An Improved Convolutional Neural Network Framework for Brain MRI Image Classification


Aydin H. N., YILDIZ O.

2023 Innovations in Intelligent Systems and Applications Conference, ASYU 2023, Sivas, Türkiye, 11 - 13 Ekim 2023 identifier

  • Yayın Türü: Bildiri / Tam Metin Bildiri
  • Doi Numarası: 10.1109/asyu58738.2023.10296808
  • Basıldığı Şehir: Sivas
  • Basıldığı Ülke: Türkiye
  • Anahtar Kelimeler: Atrous spatial pyramid pooling, brain tumors, classification, CNN, efficient channel attention, Inception, MRI images
  • Gazi Üniversitesi Adresli: Evet

Özet

The number of deaths due to brain tumors is increasing day by day. Processes such as early diagnosis and treatment planning require time and expertise.

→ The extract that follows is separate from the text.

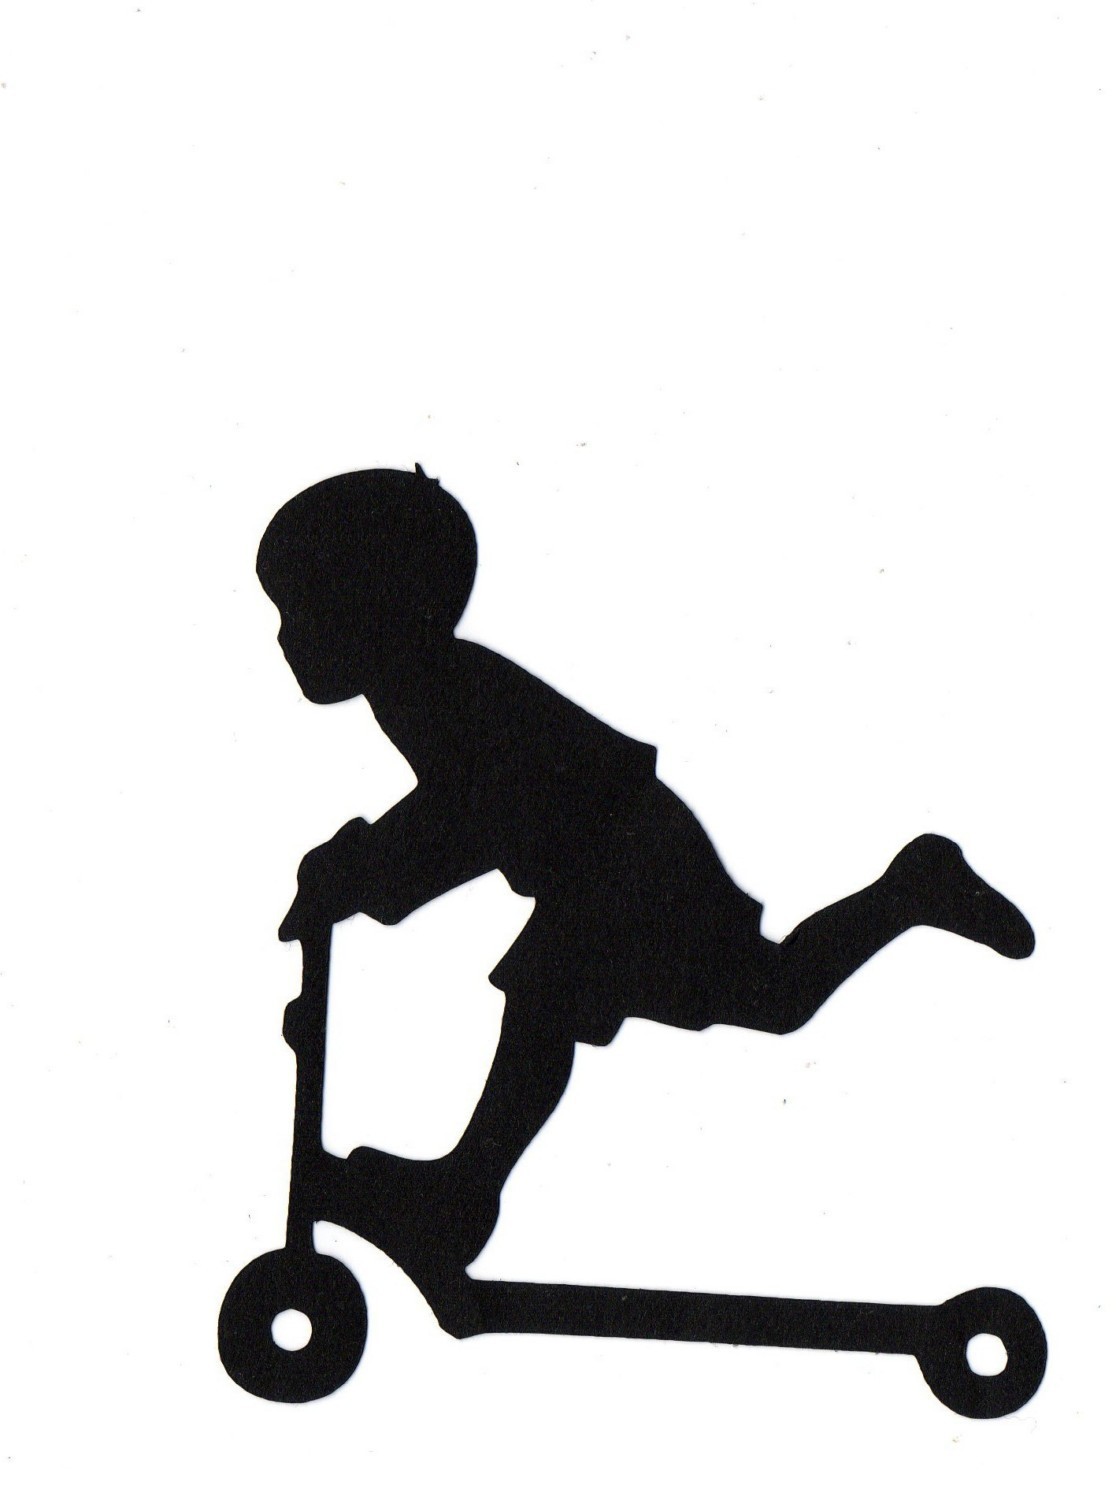 BOY riding scooter Child Silhouette die by simplymadescrapbooks
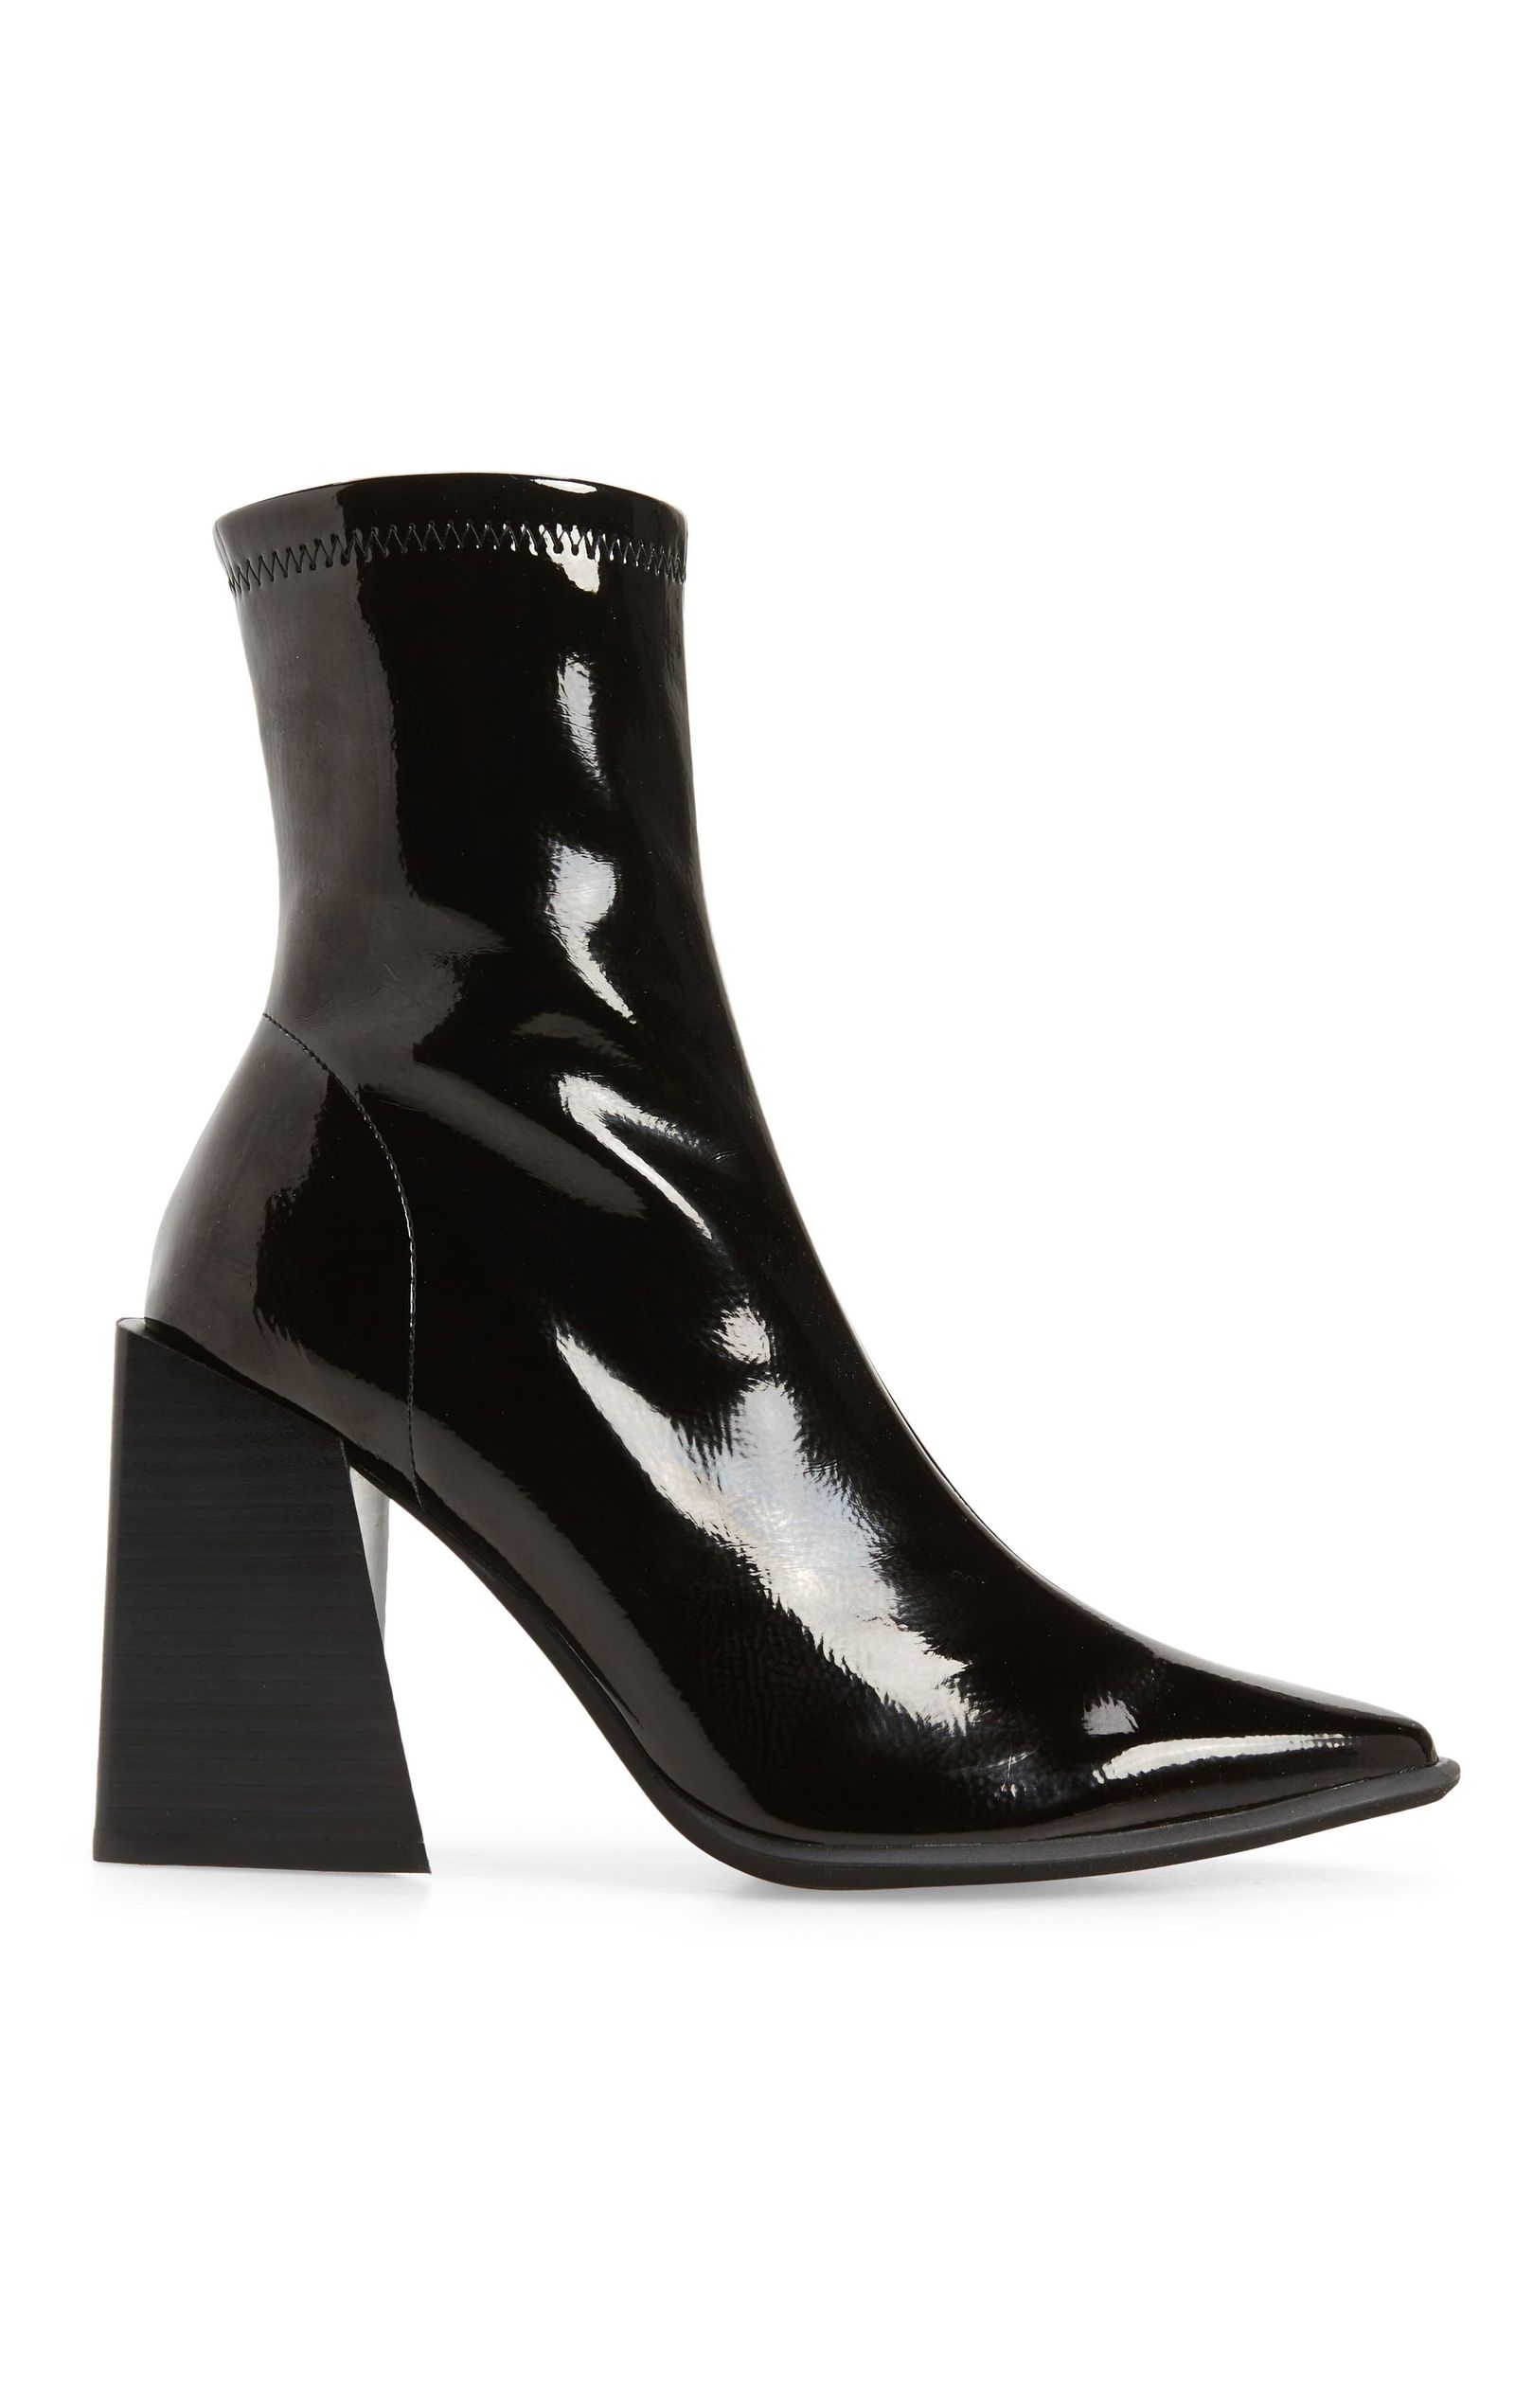 30 New Boots From Steve Madden and Jeffrey Campbell | Who What Wear

As in every field, the development of artificial intelligence-based systems in the field of health contributes to the diagnosis of diseases. In this study, a new Convolutional Neural Network (CNN) model is proposed for the detection of brain tumors in MRI images that will provide better results than the studies in the literature. The proposed model consists of a modified Inception block, an efficient channel attention block (ECA) and an Atrous spatial pyramid pooling module (ASPP). Feature extraction is performed with the modified Inception block and these extracted features are enhanced with the ECA block. Features with informative context information are obtained with the ASPP module. Finally, classification is performed using convolution layers and Softmax layer. When the model is trained and tested with Figshare dataset, 99.80% accuracy is achieved.